三、通用模型测试 --- `test_modeling_common.py`

3.1 `ModelTesterMixin` --- 模型测试核心 Mixin

这是整个测试体系最重要的类，所有模型的测试类都继承自它：

python 复制代码

class ModelTesterMixin:
    model_tester = None              # 提供配置和输入数据的测试器
    all_model_classes = ()           # 该模型架构的所有模型类
    test_resize_embeddings = True
    test_resize_position_embeddings = False
    test_mismatched_shapes = True
    test_missing_keys = True
    test_torch_exportable = True
    is_encoder_decoder = False
    has_attentions = True
    _is_composite = False
    model_split_percents = [0.5, 0.7, 0.9]
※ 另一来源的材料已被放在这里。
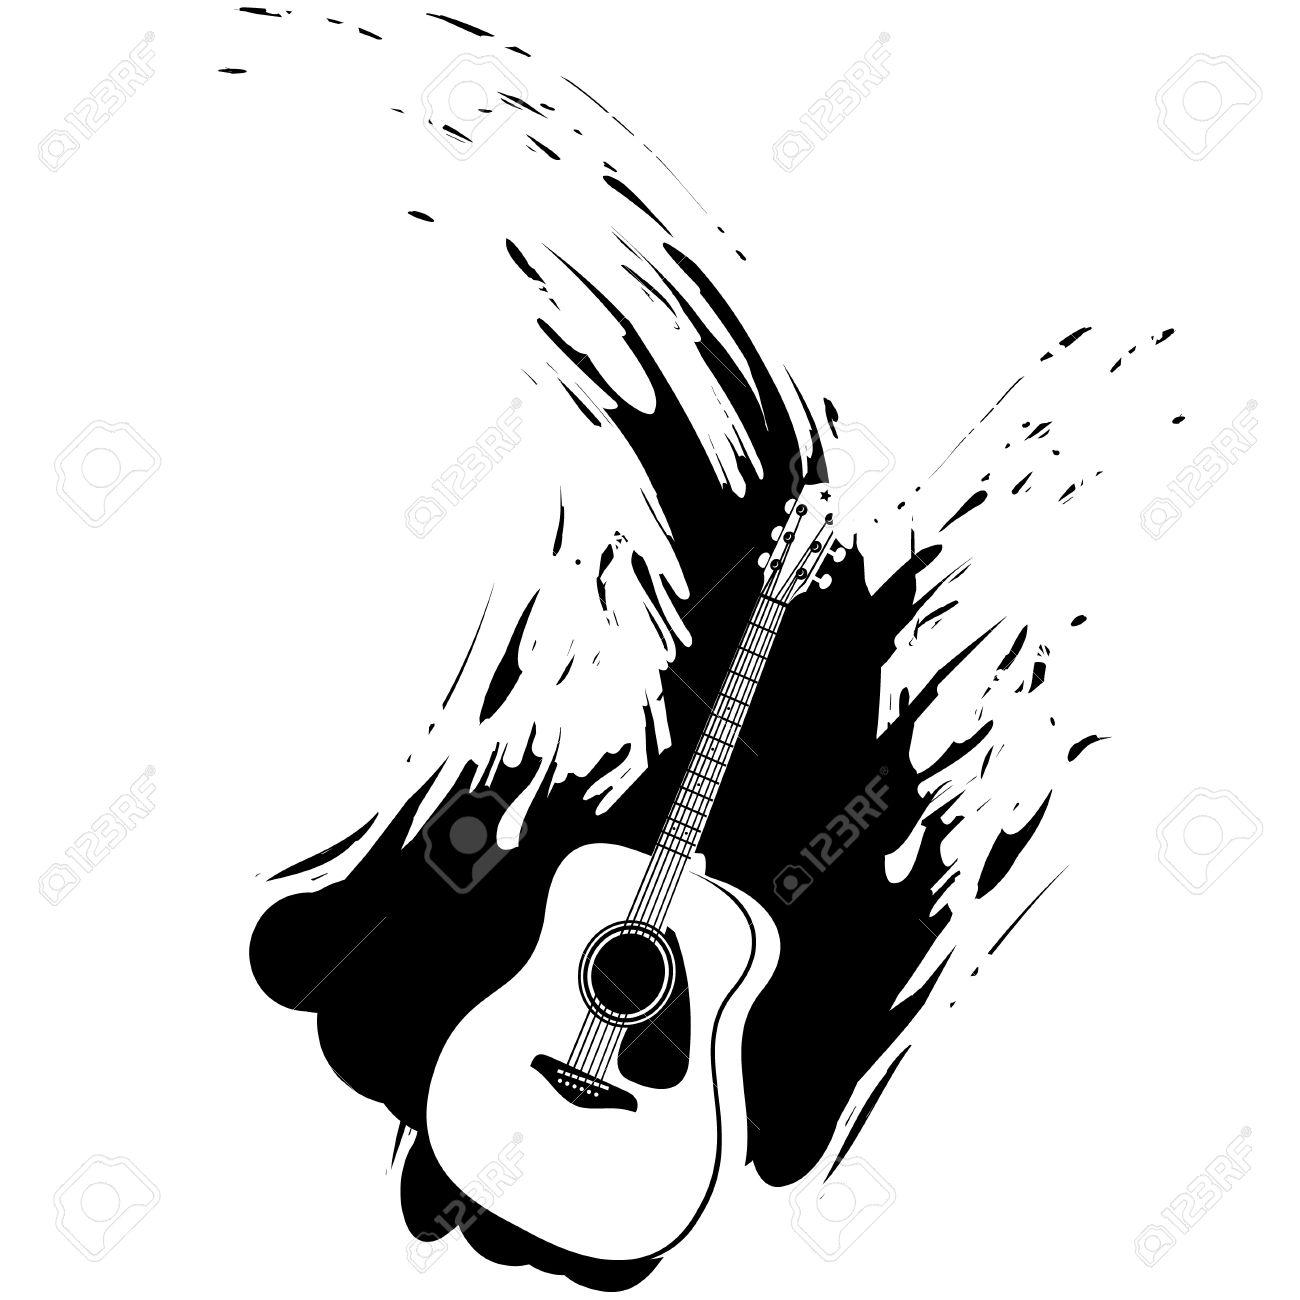 アコースティック ギター グランジ スプラッシュ デザインシルエット

    def __init_subclass__(cls, **kwargs):
        """自动为所有 test_ 方法添加 hub_retry 装饰器"""
        super().__init_subclass__(**kwargs)
        for attr_name in dir(cls):
            if attr_name.startswith("test_"):
                attr = getattr(cls, attr_name)
                if callable(attr):
                    setattr(cls, attr_name, hub_retry()(attr))

    @property
    def all_generative_model_classes(self):
        """过滤出支持生成的模型类"""
        return tuple(mc for mc in self.all_model_classes if mc.can_generate())

__init_subclass__ 的设计意义：

所有继承 ModelTesterMixin 的测试类，其 test_ 方法自动获得 Hub 重试能力
解决 CI 中 Hub 连接不稳定导致的测试失败

3.2 `_prepare_for_class` --- 输入数据适配

python 复制代码

def _prepare_for_class(self, inputs_dict, model_class, return_labels=False):
    """根据模型类类型调整输入数据格式"""
    inputs_dict = copy.deepcopy(inputs_dict)
    # 多选模型：增加 num_choices 维度
    if model_class.__name__ in get_values(MODEL_FOR_MULTIPLE_CHOICE_MAPPING_NAMES):
        inputs_dict = {k: v.unsqueeze(1).expand(-1, self.model_tester.num_choices, -1).contiguous()
                       if isinstance(v, torch.Tensor) and v.ndim > 1 else v
                       for k, v in inputs_dict.items()}
    # 如果需要标签，根据模型任务类型生成对应标签
    if return_labels:
        if model_class.__name__ in get_values(MODEL_FOR_SEQUENCE_CLASSIFICATION_MAPPING_NAMES):
            inputs_dict["labels"] = torch.zeros(batch_size, dtype=torch.long, device=torch_device)
        elif model_class.__name__ in get_values(MODEL_FOR_TOKEN_CLASSIFICATION_MAPPING_NAMES):
            inputs_dict["labels"] = torch.zeros((batch_size, seq_length), dtype=torch.long, device=torch_device)
        # ... 更多任务类型
    return inputs_dict

3.3 关键测试方法

ModelTesterMixin 包含大量通用测试，覆盖模型的核心功能：

测试方法	功能
`test_model_get_set_embeddings`	测试嵌入层的获取和设置
`test_forward_signature`	测试 forward 方法签名
`test_torch_save_load`	测试模型的保存和加载
`test_tied_weights_keys`	测试权重共享
`test_can_use_safetensors`	测试 safetensors 格式
`test_resize_embeddings`	测试嵌入层大小调整
`test_model_is_small`	确保测试模型足够小
`test_eager_matches_sdpa_inference`	Eager vs SDPA 注意力一致性
`test_eager_matches_batched_and_grouped_inference`	MoE 批处理/分组推理一致性

3.4 Eager vs SDPA 一致性测试

这是最复杂也最重要的测试之一，确保 SDPA（Scaled Dot Product Attention）与 Eager 实现的数值一致性：

python 复制代码

TEST_EAGER_MATCHES_SDPA_INFERENCE_PARAMETERIZATION = [
    (f"{dtype}_pad_{padding_side}{'' if use_attention_mask else '_no_attn_mask'}"
     f"{'_sdpa_kernels' if enable_kernels else ''}",
     *(dtype, padding_side, use_attention_mask, False, enable_kernels))
    for dtype in ("fp16", "fp32", "bf16")
    for padding_side in ("left", "right")
    for use_attention_mask in (True, False)
    for enable_kernels in (True, False)
] + [("fp32_pad_left_output_attentions", "fp32", "left", True, True, False)]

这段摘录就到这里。